Chapter Six

Clyde hummed tunelessly as he walked the length of the locker room. He glanced at Eugene’s locker, a slight smile curving his lips as he remembered the younger man opening it just before the dead, disemboweled rat fell at his feet.

Again, he saw Eugene screeching and leaping up on the bench, the sound reverberating through the room and bringing the remainder of the six-man crew running. It had earned Clyde a few days of peace from the daily malice that usually surrounded him. Now, Eugene bore the brunt of their ridicule, with everyone mimicking him as they hopped from foot to foot and screamed in a high falsetto. Clyde knew they probably suspected him as the perpetrator, but he didn’t care.
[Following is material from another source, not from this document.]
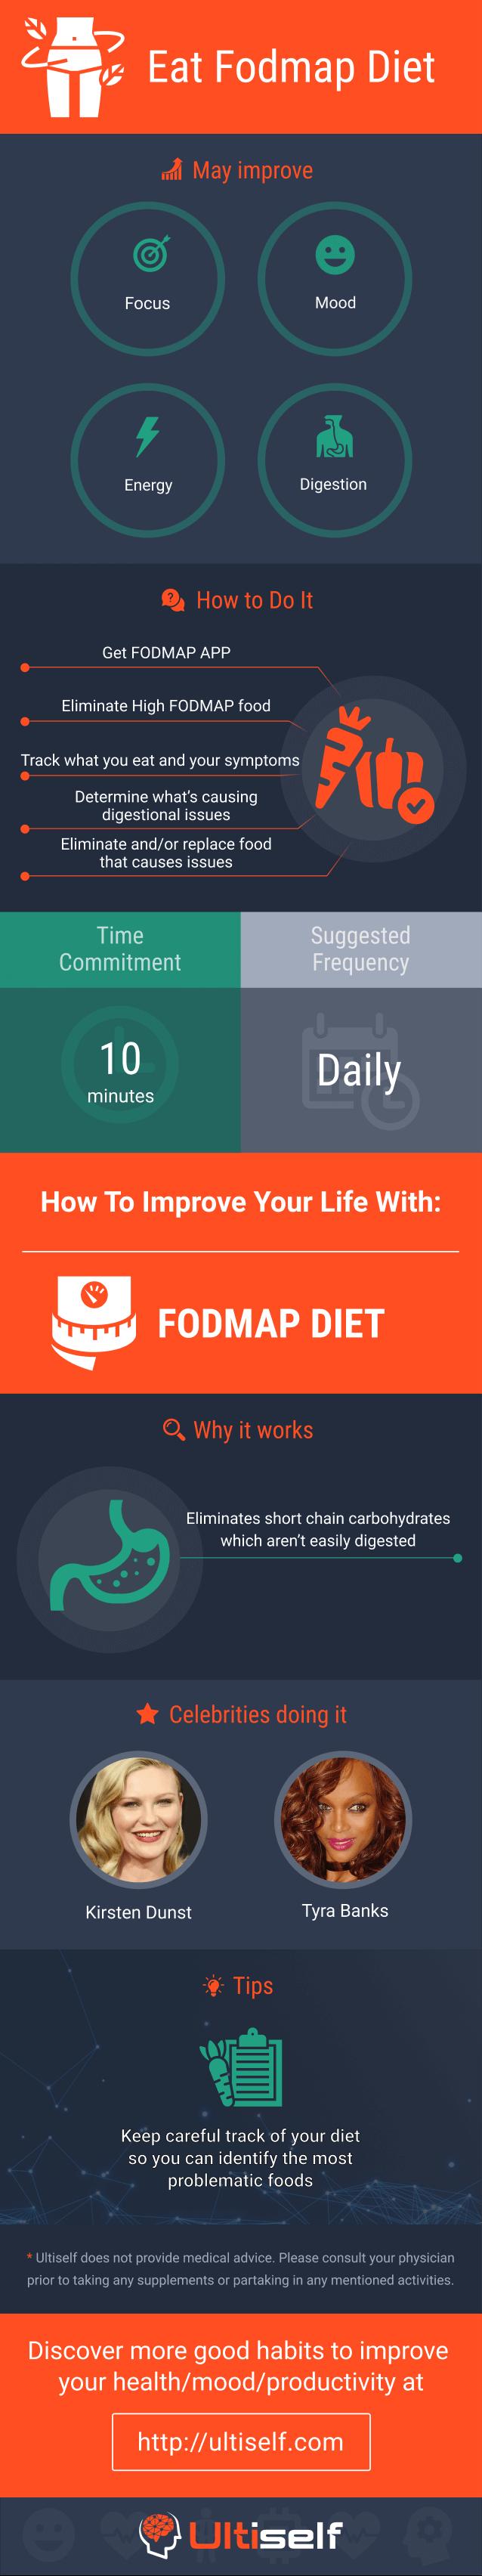 Eat FODMAP Diet infographic

No one dared to call him out.

As the day wore on, his anger began to resurface. It rumbled through him, a growing rash of discontent labeled “Mae.” She’d been creeping through the apartment since the incident with Jimmie, too meek to say anything beyond yes or no. And lately, he noticed, she had been putting on airs, talking about getting a job. He drew a long breath, then exhaled as he walked to the pay phone on the corner. He hated Chicago more than he had ever hated anyplace, even Rayville.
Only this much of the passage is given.